Гарик поиграл желваками, потом молча протянул мне протокол. Я перелистала страницы. Сжатые, сухие факты свидетельствовали о том, что третьего ноября в районе Ягодной поляны был найден висящий на дереве труп неизвестного мужчины средних лет. В кармане брюк убитого были найдены документы на имя Карпинского Вячеслава Леонидовича.
Я подняла взгляд на Папазяна. Тот, в свою очередь, смотрел на меня, не мигая.
– Его уже вскрывали? – спросила я.
– Нет, – с усмешкой развел руками Гарик. – Вообще никто ничего не делал. Зачем? Разве нашу работу можно назвать серьезной? Просто ждали, когда ты приедешь и все разрулишь, не выходя из этого кабинета.
– Послушай, – я слегка нахмурилась, – по-моему, я никогда не позволяла себе иронизировать по поводу твоей работы. И по поводу работы правоохранительных органов в целом. Если у тебя есть претензии ко мне или обиды, то так и скажи. А рабочие моменты сюда приплетать не следует.
Папазян тоже нахмурился, посидел несколько секунд нахохлившись, после чего вдруг засмеялся и заговорил в своей обычной манере:
– Вот видишь, Таня-джан, до чего ты доводишь сотрудника убойного отдела! Сам себя не узнаю, разум теряю и остатки чувства юмора! Так скоро и увольняться придется.

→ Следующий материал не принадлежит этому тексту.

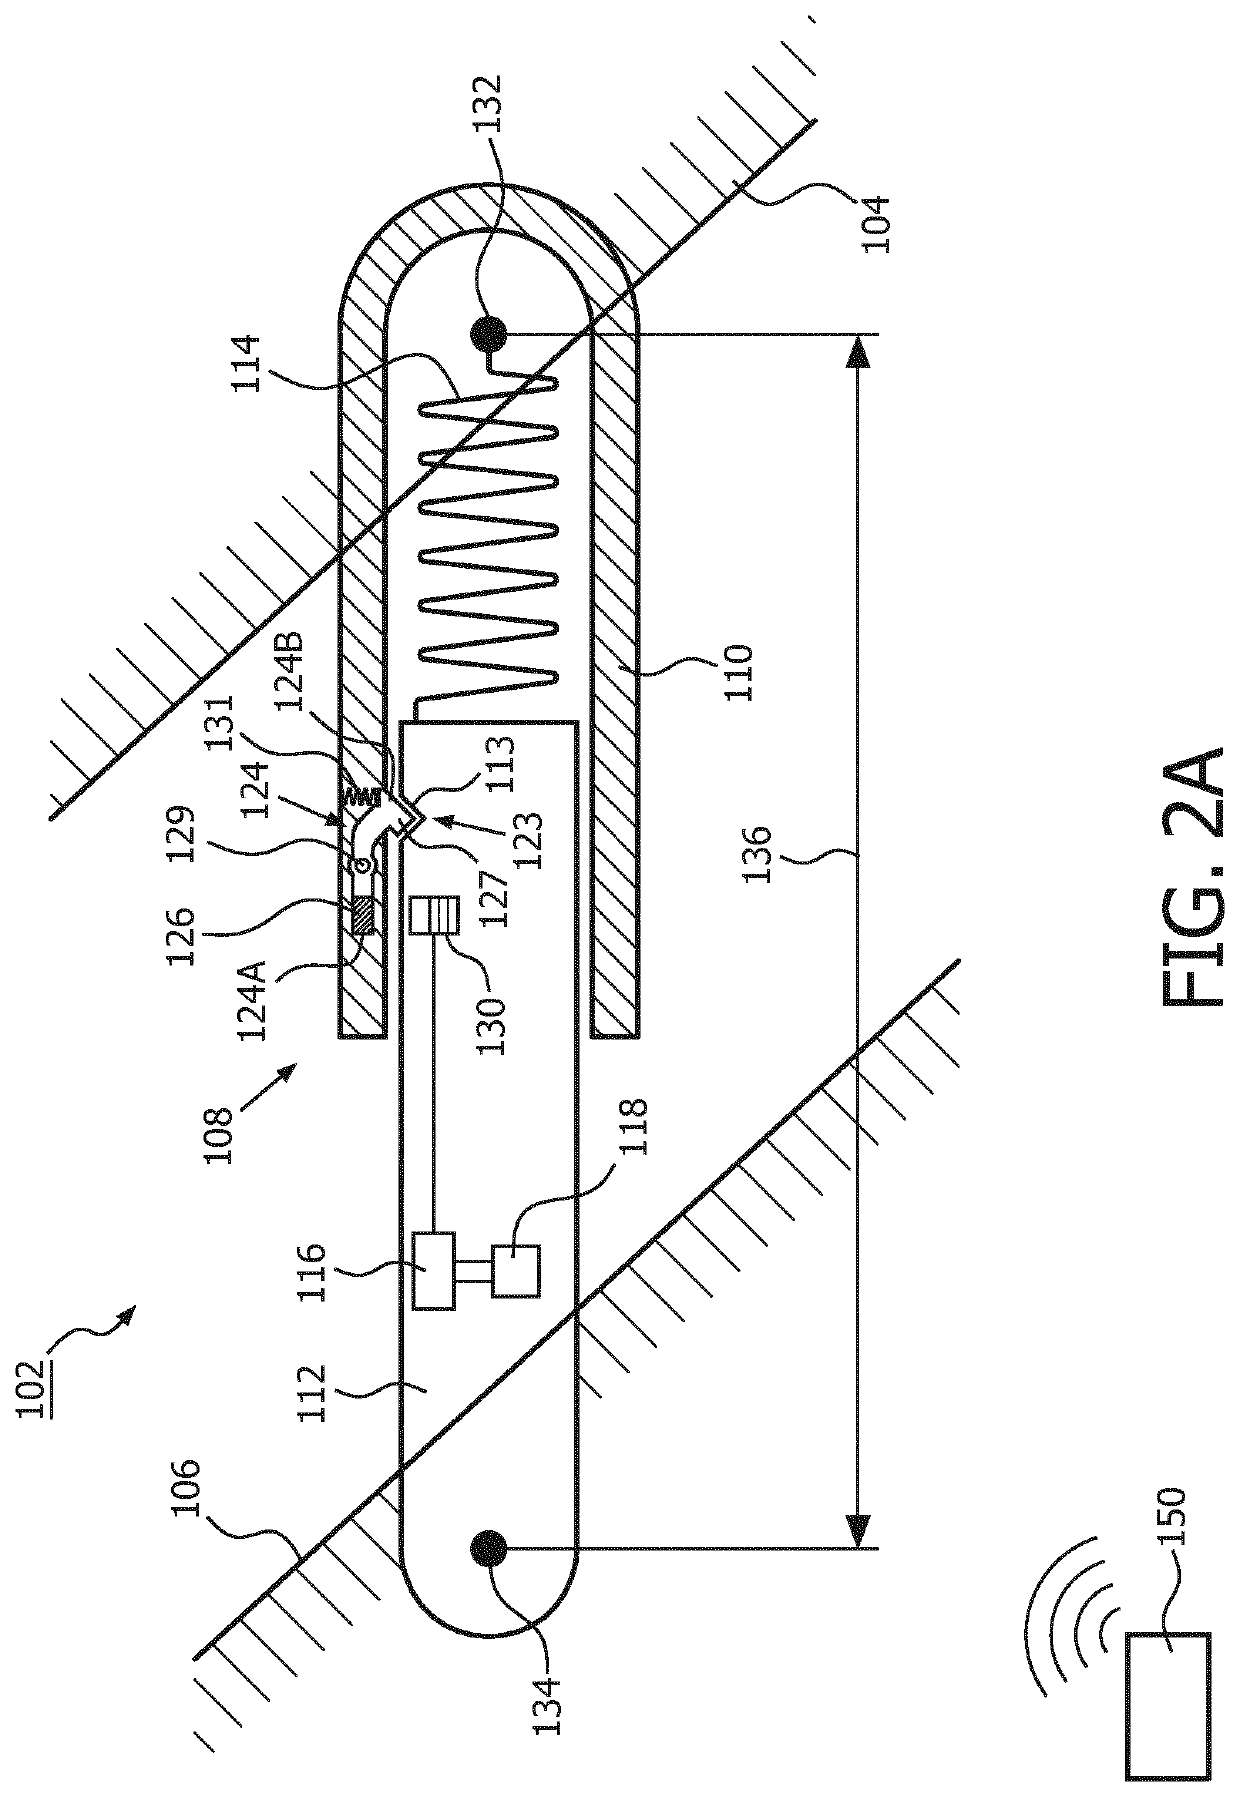 Mandibular advancement device and method of adjusting a dimension of a coupling assembly of a mandibular advancement device

– Давай, давай, охранником пойдешь на рынок, – ухмыльнулась я, но тут же взяла себя в руки: – Ладно, хватит, чего ты, в самом деле? Забыл, сколько лет работали вместе, сколько преступлений раскрыли? Вспомни-ка все быстренько за пару минут и возвращайся в реальность. У нас с тобой труп, и это касается нас обоих по профессиональной части. Меня – потому что я нанята для розыска этого человека, а тебя – потому что работа у тебя такая, в убойном отделе.
– Вообще-то пока мне никто этого дела не передавал, – развел руками Папазян. – И меня оно, честно говоря, мало волнует. А точнее, вообще не волнует. Не понимаю, чего ты так паришься. Думаешь, твоему клиенту важно, кто замочил этого Карпинского и замочили ли его вообще? Ему бабки свои вернуть хочется, вот и все!
– Еще раз напоминаю, что у него был подельник! И не исключено, что как раз с ним они и не поделили эти бабки. И дальнейший напрашивающийся вывод – этот Гольдберг его и грохнул.
– Хорошо, допустим, что так, – поднял руки Папазян. – А тебя уполномочивали искать этого Гольдберга?
– Если я должна найти деньги, то в первую очередь должна искать его, – заметила я. – Но и смерть Карпинского откидывать не стоит. Надо узнать о его связях в Тарасове. Кстати, обратись, пожалуйста, к Карасеву, пусть скажет, что им удалось раскопать за эти несколько дней.
– Ты совсем не имеешь совести! – взорвался Папазян. – Сначала ты просила предоставить информацию по Карпинскому, говорила, что так быстрее закончишь дело и освободишься для меня! Я все сделал! Все тебе рассказал, более того, из моей информации следует, что дело твое заканчивается! А ты вместо того, чтобы отблагодарить меня и исполнить обещание, требуешь все больше и больше! Больше и больше! О, все женщины таковы! Мне ли не знать! Сколько раз я сталкивался с вашим коварством!
– Боже, какой пафос, – поаплодировала я. – Остынь, Гарик. Остынь и предоставь мне информацию.
– Я уже предоставил, – отрезал Папазян.
– Мне теперь нужна другая, – упрямо повторила я.
– А мне теперь тоже нужна другая. Женщина, – пояснил Гарик. – Добрая и отзывчивая, ласковая и преданная, совсем не такая, как ты!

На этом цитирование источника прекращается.